Researchers at the Nerja Caves have revealed that they have found evidence that the early cave dwellers had whale meat as part of their diet.
An international team of scientists working at the Nerja Caves have found small barnacles, dated as being between 13,500 and 14,500 years old. These barnacles, live on the skin of whales so scientists have concluded that this is the earliest evidence of the use of cetaceans in European prehistory.
Between 13,500 and 14,500 years ago, the settlement of hunters and fishermen in Nerja were separated from the coast by about 2.5 miles. To survive, the community walked for hours to the shore and fished there and moved their prey, such as dolphins and seals, to the cave where they lived. However, when they found the remains of whales, they had to change their strategy, as shown by a study published in the journal Quaternary International.
“They took pieces of meat, fat and skin to the cave, but left the bones of the animal on the beach,” says Jesus F. Jorda, researcher at the Department of Prehistory and Archaeology at UNED and one of the authors of the study. Reserachers have discovered remains of hundreds of barnacles, small crustaceans that live on the skin of whales.
“Being closely associated with the edible parts of the whale and finding many of them burned inside the cave dwelling, the presence of these crustaceans provides indirect evidence of the oldest whale consumption in European prehistory,” adds Stephen Alvarez -Fernandez, a researcher at the University of Salamanca and the paper’s lead author.
The crustaceans found belong to two different genres – Tubicinella major and Cetopirus – and many of them were completely burned, indicating that humans of that time roasted the whale meat to eat.

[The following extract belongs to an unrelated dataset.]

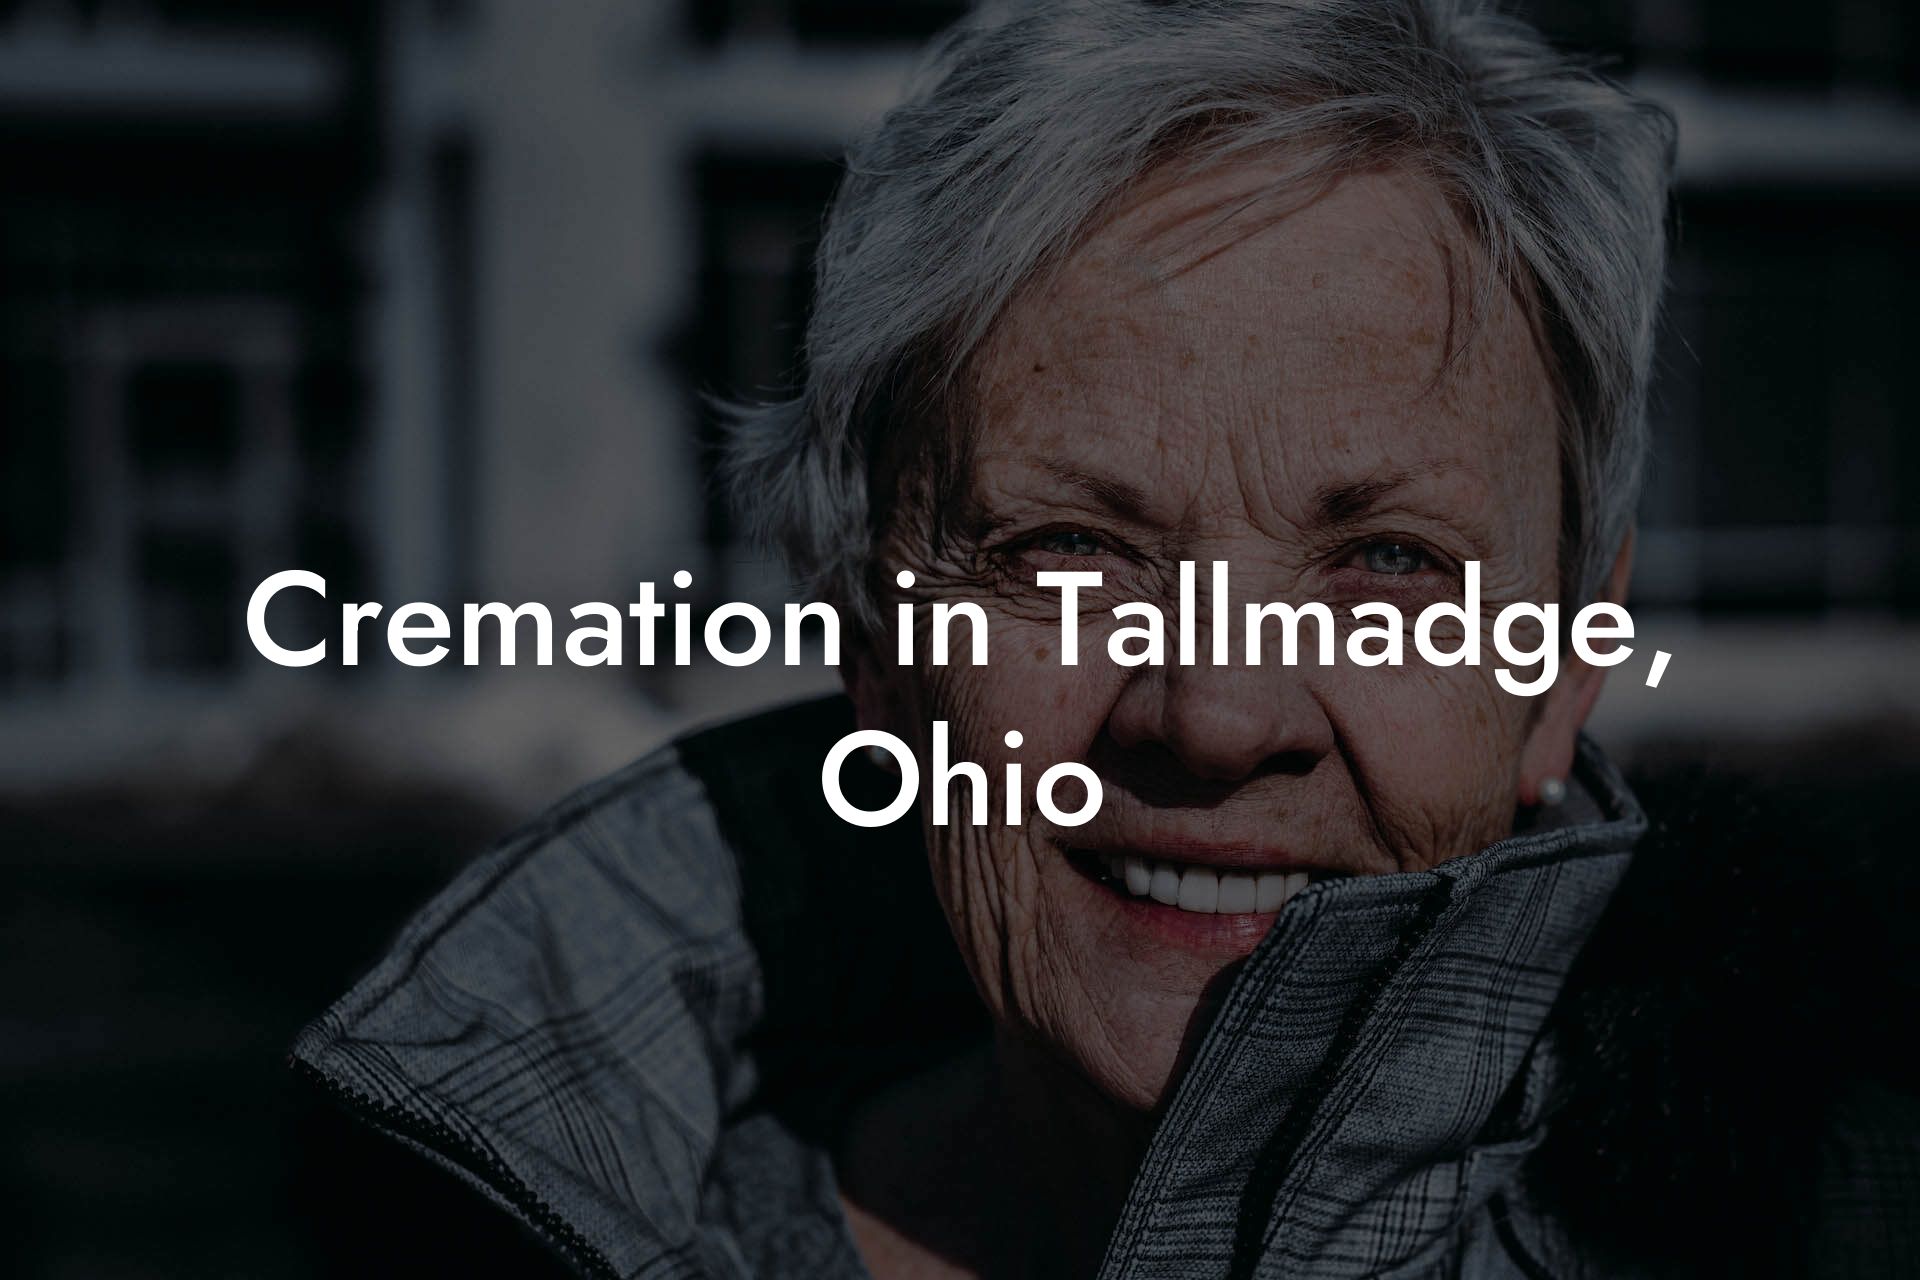 Cremation in Tallmadge, Ohio

Their analysis indicates that they would have been living on the skin of an Eubalaena Australis whale , typical of the waters of the southern hemisphere, which “confirms the significant drop in temperature of sea water at that time,” says Álvarez-Fernández . This cooling of ocean waters in both hemispheres allowed the whales to cross the equator and into the Mediterranean, ending beached at Nerja.
In addition, there is the fact that scientists have never before found these two crustacean species together in a prehistoric timescale.
Scientists from a number of different institutions have taken part in the research, including UNED and the University of Salamanca, the University of Valencia, Complutense University of Madrid, the National University of Australia, the Geological Survey of Spain, the National Museum of Natural Sciences (CSIC ) and the Museum of Natural History in Paris (France).
The picture is of the remains of the barnacles found. Courtesty of : Esteban Álvarez-Fernández and René-Pierre Carriol.